◆ **Problem description**: For the material below, output exactly the span from the line with "Weiß Kurzarm T-Shirt von" to the line with "East Texas Blueberry Jam", including both, and nothing besides.

◆ **Material for this exercise**:

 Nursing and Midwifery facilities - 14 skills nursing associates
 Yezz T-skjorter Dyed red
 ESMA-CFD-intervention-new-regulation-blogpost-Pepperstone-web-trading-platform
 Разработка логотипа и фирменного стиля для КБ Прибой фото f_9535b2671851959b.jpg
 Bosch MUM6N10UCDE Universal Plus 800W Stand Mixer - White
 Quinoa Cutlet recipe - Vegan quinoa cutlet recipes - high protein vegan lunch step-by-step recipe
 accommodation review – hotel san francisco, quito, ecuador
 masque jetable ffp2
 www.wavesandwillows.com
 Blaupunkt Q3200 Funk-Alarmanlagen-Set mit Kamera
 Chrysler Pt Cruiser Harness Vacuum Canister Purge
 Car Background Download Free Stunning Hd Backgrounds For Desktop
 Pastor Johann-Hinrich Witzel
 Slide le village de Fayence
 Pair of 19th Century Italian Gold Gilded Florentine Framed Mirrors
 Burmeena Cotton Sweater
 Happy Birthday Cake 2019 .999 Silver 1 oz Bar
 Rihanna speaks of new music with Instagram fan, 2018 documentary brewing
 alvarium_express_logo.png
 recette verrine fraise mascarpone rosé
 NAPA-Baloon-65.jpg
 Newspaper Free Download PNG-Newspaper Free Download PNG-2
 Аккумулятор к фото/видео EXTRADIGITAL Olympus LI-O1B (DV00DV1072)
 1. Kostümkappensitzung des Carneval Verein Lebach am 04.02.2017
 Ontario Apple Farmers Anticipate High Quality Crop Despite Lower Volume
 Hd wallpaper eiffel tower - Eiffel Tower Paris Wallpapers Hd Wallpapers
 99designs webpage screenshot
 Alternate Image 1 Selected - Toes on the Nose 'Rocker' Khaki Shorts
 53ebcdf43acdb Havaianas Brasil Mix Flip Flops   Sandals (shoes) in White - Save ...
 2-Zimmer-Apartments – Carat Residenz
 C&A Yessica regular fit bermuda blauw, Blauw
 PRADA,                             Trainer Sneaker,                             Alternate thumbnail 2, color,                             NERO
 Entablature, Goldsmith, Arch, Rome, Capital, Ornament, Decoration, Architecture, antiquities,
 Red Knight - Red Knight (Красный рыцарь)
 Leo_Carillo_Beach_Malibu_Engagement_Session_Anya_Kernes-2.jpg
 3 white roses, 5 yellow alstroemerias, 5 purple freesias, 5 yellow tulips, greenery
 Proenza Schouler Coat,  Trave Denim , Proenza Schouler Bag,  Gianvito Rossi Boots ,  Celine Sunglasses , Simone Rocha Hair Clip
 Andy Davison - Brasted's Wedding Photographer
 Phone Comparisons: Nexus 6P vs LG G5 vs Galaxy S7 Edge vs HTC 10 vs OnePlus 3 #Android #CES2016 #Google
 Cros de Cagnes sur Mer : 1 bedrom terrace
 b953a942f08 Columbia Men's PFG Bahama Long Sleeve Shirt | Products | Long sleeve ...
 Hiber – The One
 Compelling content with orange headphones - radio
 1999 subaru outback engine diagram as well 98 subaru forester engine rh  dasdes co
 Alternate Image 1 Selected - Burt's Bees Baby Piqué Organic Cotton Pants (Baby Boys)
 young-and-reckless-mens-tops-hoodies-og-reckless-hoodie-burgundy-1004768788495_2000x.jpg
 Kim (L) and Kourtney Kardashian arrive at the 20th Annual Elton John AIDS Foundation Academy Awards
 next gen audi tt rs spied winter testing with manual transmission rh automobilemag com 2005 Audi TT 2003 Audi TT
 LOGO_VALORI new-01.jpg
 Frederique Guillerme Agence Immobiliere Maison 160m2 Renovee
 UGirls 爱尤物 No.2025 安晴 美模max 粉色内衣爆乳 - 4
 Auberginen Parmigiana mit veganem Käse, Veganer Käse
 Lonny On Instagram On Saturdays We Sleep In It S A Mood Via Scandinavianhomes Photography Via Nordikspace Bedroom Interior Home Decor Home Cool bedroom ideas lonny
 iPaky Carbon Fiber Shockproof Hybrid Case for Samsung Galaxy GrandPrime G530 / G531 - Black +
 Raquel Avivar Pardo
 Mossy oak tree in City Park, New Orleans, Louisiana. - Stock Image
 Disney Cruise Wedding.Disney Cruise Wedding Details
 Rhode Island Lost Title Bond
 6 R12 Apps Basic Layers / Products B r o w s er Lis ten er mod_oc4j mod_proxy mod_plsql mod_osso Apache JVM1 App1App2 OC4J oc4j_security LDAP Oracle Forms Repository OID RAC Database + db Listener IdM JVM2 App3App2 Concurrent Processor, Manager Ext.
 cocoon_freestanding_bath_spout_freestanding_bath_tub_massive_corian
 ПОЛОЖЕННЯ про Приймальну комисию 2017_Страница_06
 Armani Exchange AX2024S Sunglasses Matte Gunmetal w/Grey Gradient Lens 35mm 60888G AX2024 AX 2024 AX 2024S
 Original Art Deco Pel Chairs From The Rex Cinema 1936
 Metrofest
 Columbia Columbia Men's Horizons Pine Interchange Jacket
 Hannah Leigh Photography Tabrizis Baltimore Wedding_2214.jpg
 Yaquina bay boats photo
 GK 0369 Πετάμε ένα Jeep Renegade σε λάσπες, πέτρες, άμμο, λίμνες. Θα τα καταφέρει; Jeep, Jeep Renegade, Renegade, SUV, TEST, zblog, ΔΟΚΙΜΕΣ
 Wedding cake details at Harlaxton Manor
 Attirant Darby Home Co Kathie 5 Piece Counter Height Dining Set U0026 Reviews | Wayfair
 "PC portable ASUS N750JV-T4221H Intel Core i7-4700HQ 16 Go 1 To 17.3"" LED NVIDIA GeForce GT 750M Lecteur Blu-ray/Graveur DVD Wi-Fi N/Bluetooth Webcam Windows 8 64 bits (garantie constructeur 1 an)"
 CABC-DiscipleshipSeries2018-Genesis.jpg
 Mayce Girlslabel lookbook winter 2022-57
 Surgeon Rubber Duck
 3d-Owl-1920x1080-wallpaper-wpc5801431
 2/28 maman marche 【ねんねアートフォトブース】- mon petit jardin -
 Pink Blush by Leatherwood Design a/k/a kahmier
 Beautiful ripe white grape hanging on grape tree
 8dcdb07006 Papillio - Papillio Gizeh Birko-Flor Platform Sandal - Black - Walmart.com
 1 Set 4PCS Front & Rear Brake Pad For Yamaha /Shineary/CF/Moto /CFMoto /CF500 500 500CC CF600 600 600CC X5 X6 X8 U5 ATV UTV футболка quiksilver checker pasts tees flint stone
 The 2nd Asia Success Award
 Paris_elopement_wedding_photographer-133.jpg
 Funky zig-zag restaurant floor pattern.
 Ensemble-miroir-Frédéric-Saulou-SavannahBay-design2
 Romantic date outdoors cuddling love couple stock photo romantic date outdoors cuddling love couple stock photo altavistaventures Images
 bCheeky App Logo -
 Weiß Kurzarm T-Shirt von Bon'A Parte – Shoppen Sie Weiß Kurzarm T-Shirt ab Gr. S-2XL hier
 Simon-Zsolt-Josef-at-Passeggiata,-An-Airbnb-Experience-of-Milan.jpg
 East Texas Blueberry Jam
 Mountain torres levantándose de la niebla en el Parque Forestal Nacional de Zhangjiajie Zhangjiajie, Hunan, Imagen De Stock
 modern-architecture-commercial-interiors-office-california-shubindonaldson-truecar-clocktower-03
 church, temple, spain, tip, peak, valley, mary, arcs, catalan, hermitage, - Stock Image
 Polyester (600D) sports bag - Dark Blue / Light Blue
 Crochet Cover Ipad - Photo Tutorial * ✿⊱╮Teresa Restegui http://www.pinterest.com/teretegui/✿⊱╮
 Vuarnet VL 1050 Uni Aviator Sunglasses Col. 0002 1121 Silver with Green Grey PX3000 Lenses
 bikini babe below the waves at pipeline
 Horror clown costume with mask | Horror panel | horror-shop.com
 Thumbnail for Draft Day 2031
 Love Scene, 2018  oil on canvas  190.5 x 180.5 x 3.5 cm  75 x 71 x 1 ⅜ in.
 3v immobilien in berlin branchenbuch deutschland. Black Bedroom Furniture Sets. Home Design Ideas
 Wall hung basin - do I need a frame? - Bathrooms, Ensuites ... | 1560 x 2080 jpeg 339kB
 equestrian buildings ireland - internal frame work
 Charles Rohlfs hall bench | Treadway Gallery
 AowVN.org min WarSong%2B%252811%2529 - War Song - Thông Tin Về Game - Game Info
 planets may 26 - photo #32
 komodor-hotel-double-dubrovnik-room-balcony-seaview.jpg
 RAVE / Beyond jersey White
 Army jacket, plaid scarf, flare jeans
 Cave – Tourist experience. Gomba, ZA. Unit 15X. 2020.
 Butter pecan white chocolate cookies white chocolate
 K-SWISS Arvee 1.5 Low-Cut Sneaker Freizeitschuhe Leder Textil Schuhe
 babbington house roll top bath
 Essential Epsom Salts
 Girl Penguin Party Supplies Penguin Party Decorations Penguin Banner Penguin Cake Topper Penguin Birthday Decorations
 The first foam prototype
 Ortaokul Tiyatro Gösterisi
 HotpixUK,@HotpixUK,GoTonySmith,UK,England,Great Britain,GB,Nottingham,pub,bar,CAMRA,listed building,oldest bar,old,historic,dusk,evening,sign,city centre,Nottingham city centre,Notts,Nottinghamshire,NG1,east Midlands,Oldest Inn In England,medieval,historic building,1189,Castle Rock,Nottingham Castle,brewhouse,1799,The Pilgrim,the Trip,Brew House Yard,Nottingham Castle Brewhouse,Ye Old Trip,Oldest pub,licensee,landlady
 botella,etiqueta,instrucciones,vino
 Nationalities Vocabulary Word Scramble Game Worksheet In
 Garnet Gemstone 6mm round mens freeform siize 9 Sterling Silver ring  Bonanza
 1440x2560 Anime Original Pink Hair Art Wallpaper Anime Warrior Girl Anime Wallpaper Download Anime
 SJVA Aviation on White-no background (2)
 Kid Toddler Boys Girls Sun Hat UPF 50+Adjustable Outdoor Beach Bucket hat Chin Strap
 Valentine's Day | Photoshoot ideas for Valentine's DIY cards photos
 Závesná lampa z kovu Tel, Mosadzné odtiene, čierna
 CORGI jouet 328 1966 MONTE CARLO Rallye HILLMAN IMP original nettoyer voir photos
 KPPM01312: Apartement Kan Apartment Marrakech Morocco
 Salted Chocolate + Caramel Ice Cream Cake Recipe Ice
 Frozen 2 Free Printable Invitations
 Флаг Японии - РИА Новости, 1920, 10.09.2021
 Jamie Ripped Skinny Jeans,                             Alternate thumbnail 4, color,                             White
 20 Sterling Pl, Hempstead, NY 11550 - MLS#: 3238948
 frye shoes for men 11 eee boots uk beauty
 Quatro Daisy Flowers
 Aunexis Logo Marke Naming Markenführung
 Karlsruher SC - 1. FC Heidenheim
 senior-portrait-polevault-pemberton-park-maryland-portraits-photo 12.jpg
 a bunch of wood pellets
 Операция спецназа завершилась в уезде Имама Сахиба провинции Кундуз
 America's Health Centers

◆ **Task solution**:
 Weiß Kurzarm T-Shirt von Bon'A Parte – Shoppen Sie Weiß Kurzarm T-Shirt ab Gr. S-2XL hier
 Simon-Zsolt-Josef-at-Passeggiata,-An-Airbnb-Experience-of-Milan.jpg
 East Texas Blueberry Jam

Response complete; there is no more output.